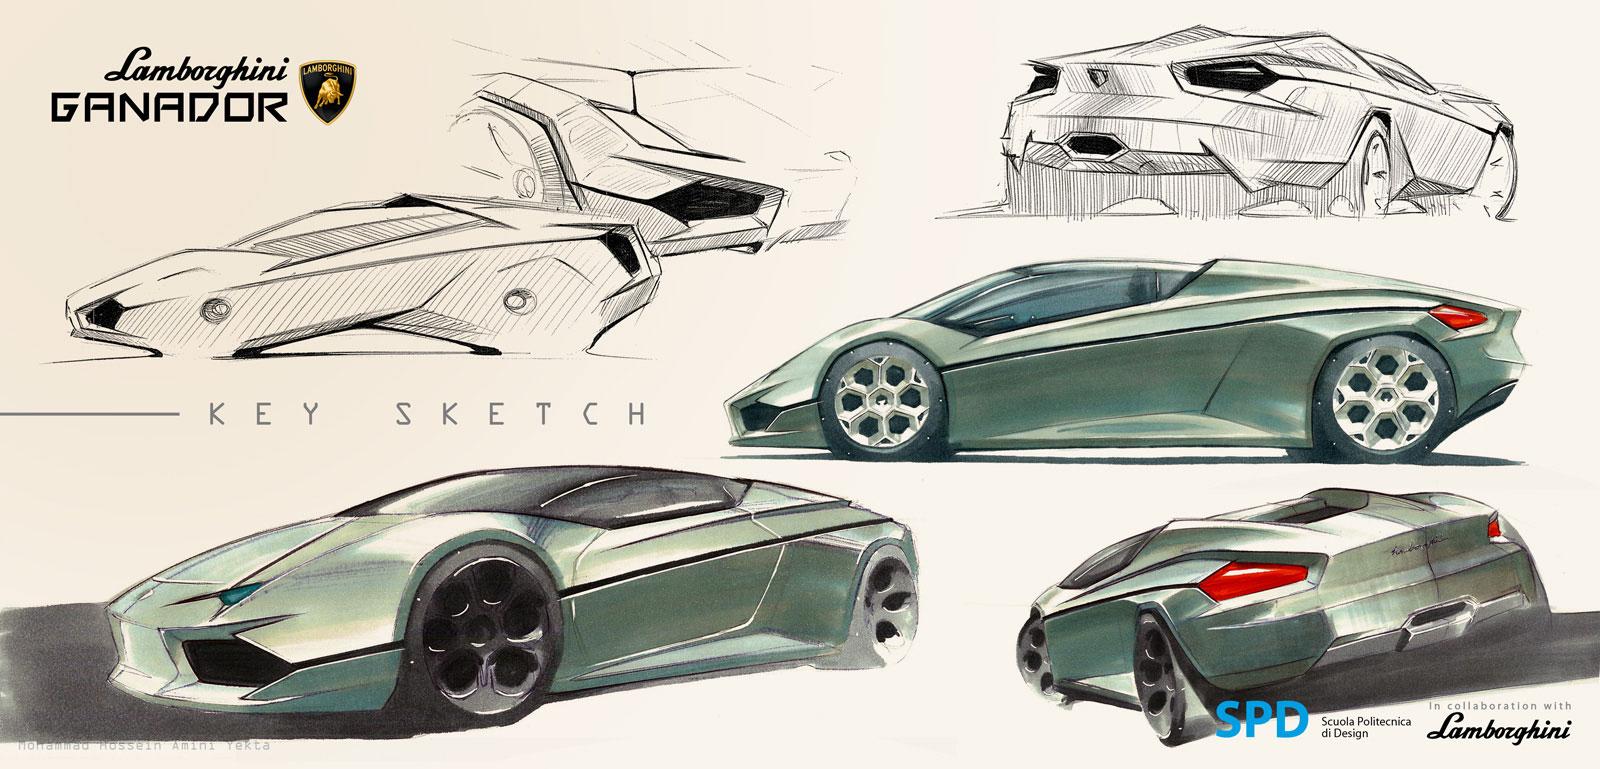 Lamborghini Ganador Concept Design Sketch on Volvo S60 Sketch
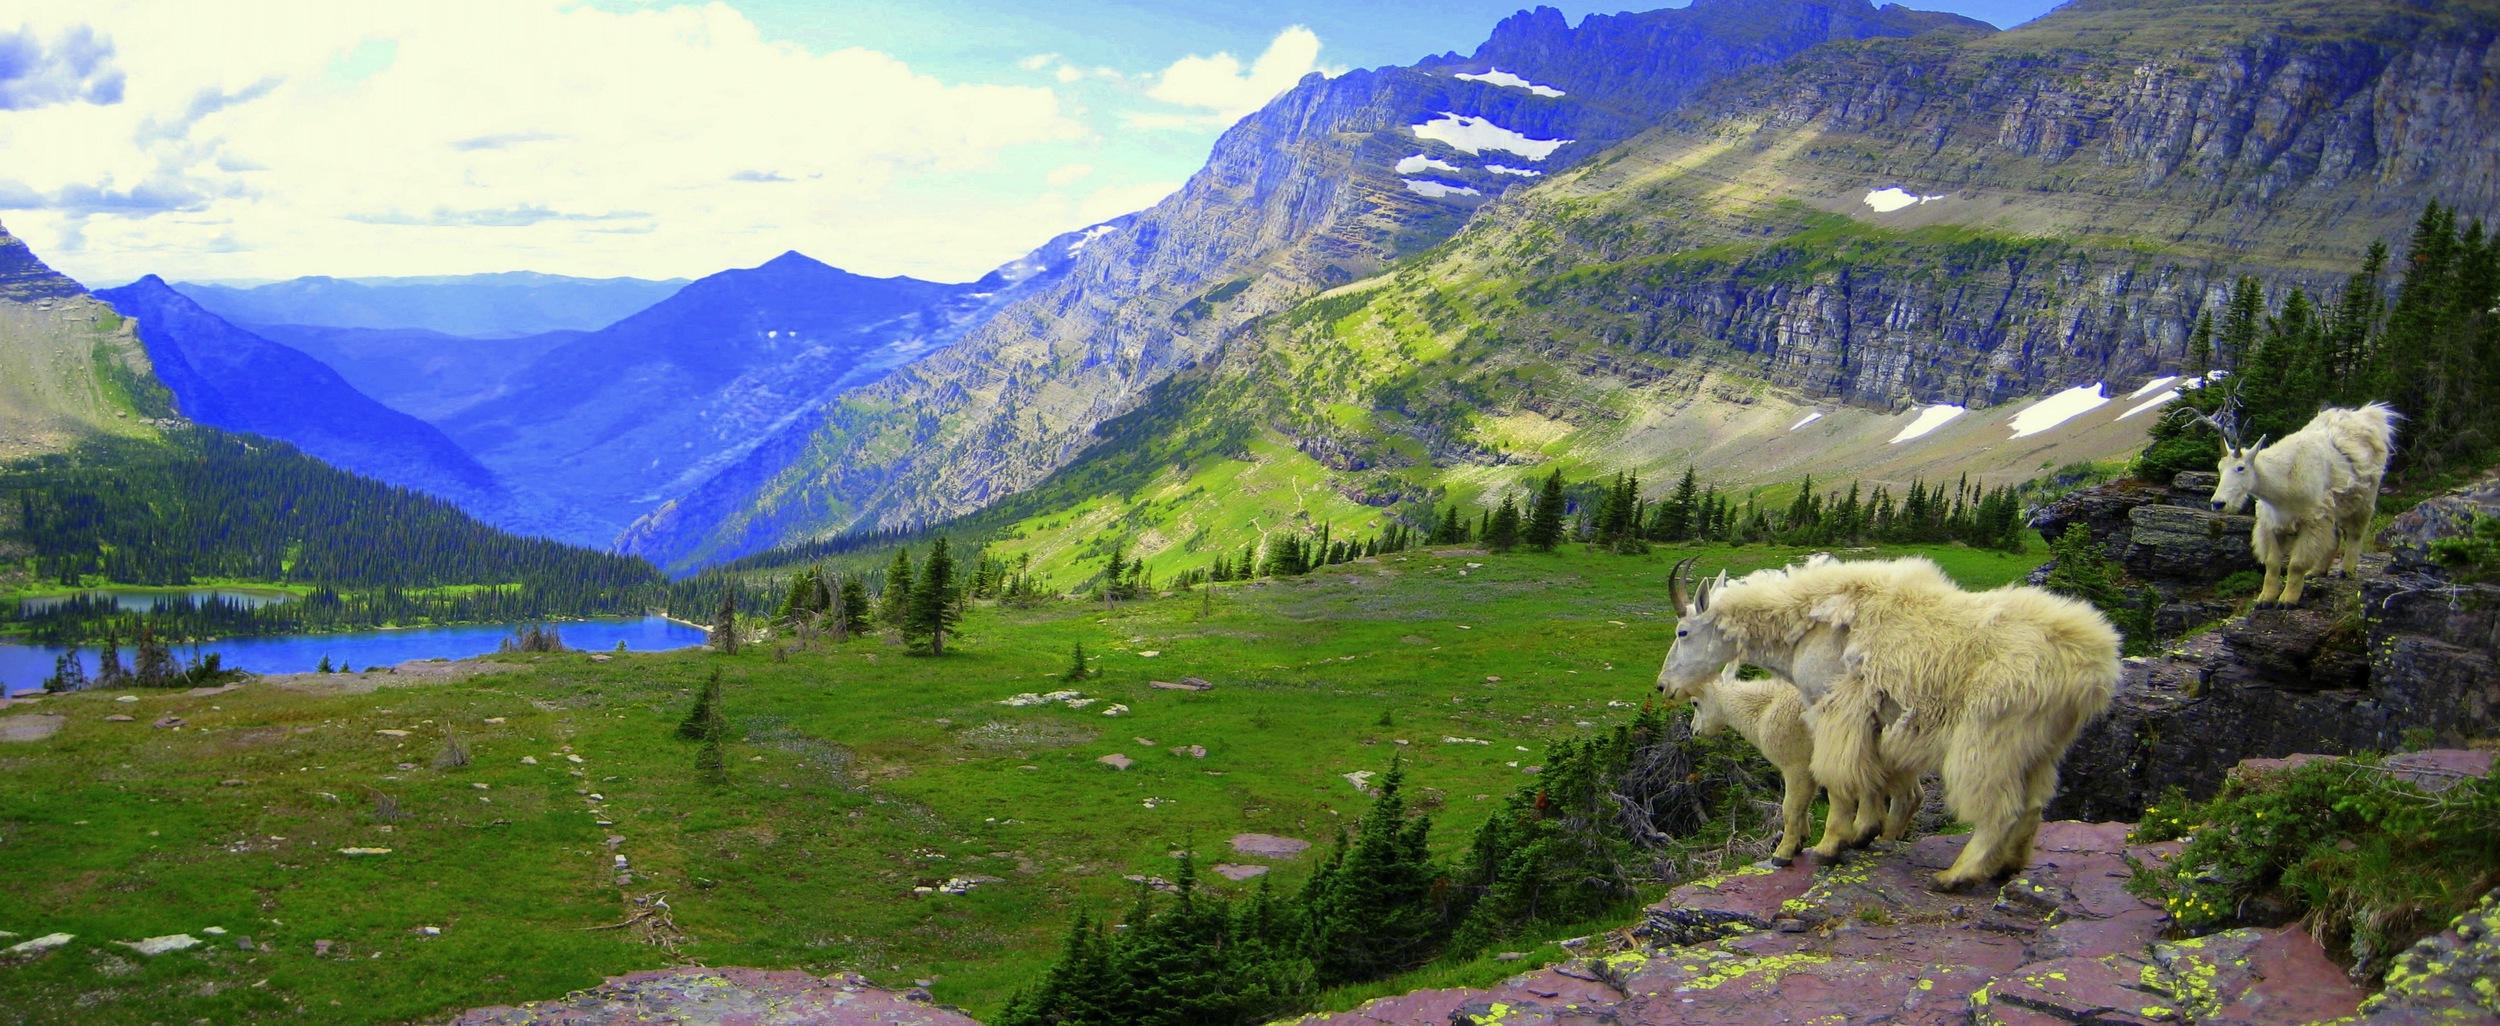 Glacier National Park, near Columbia Falls,  Montana
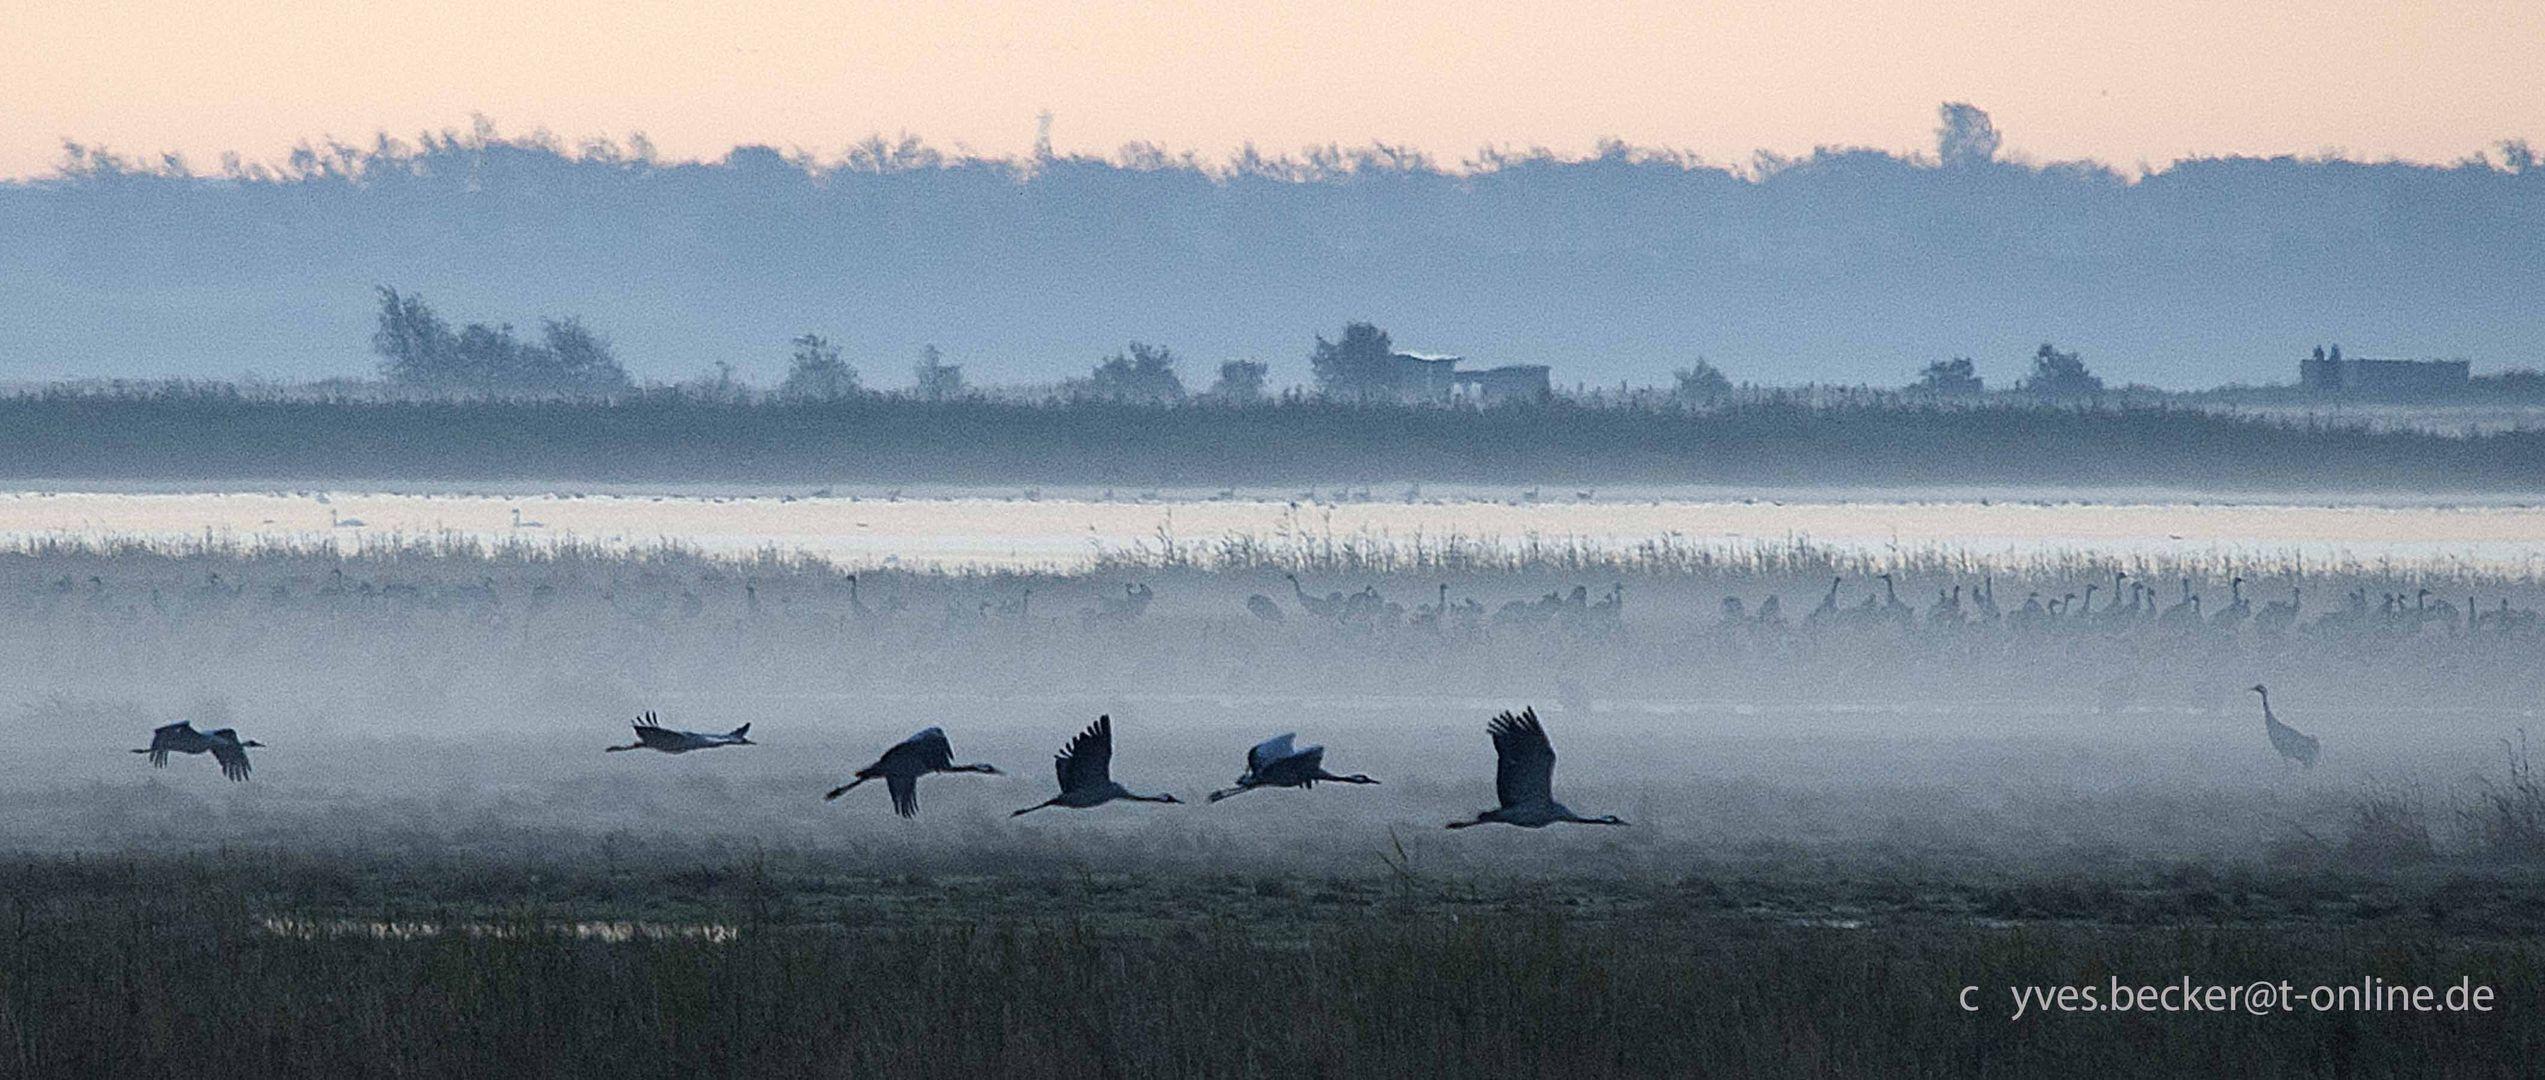 Kraniche am Darss - Morgenflug 2
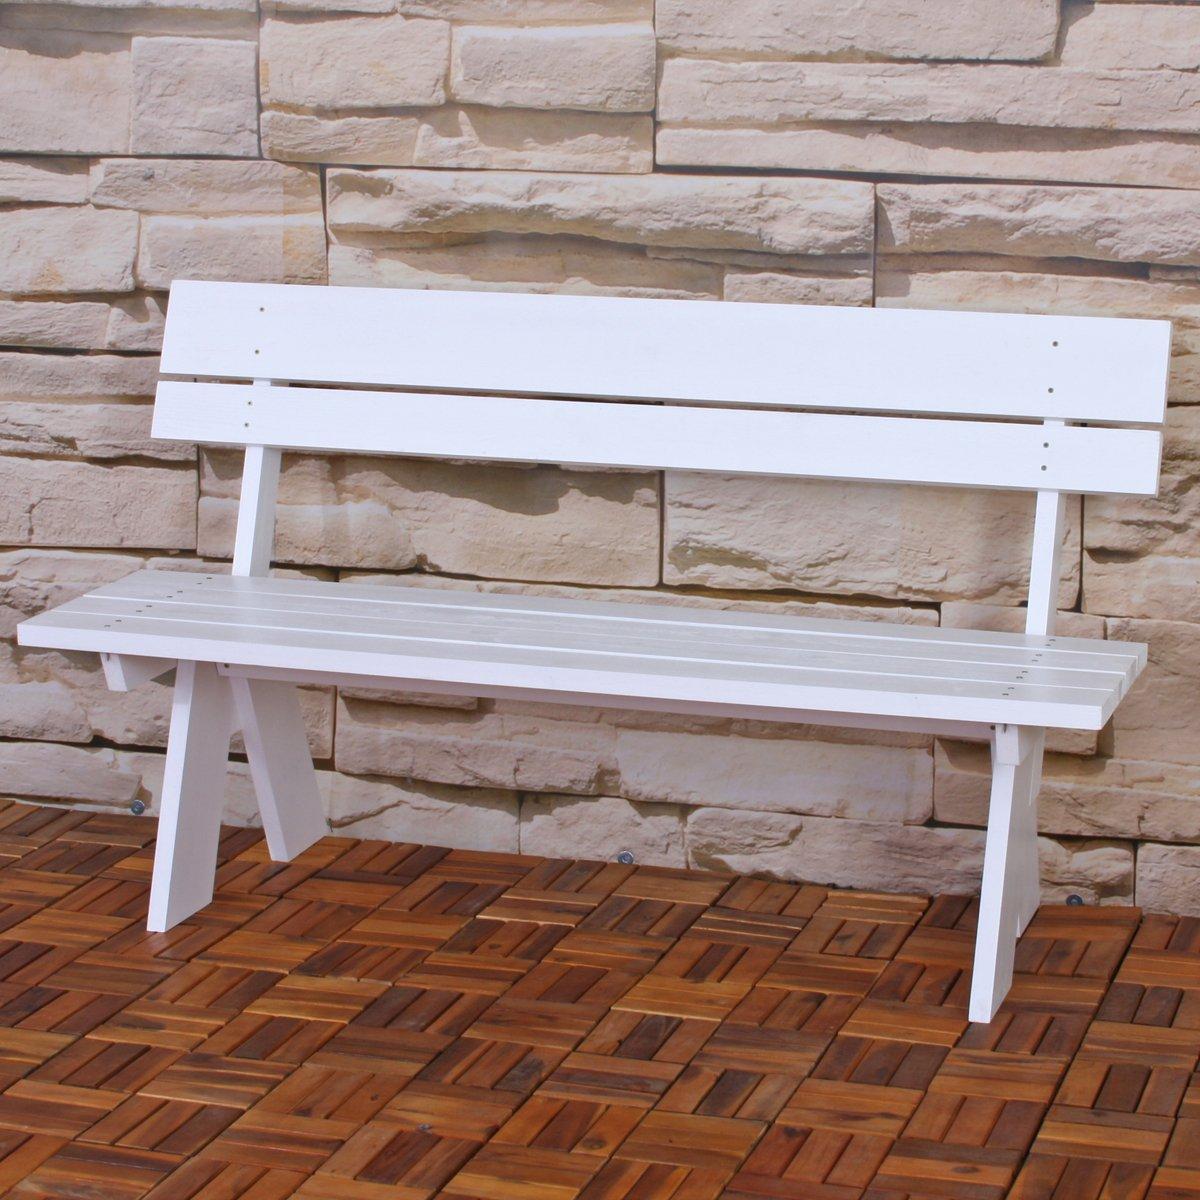 Banco de madera maciza para jard n oslo color blanco for Banco madera jardin

------------------------------------------------------------------------

- **Task instructions**:
What you return should be the full listing, unchanged, minus the pictures.

- **Response box**:
 Lamborghini Ganador Concept Design Sketch on Volvo S60 Sketch
 Glacier National Park, near Columbia Falls,  Montana
 Kraniche am Darss - Morgenflug 2
 Banco de madera maciza para jard n oslo color blanco for Banco madera jardin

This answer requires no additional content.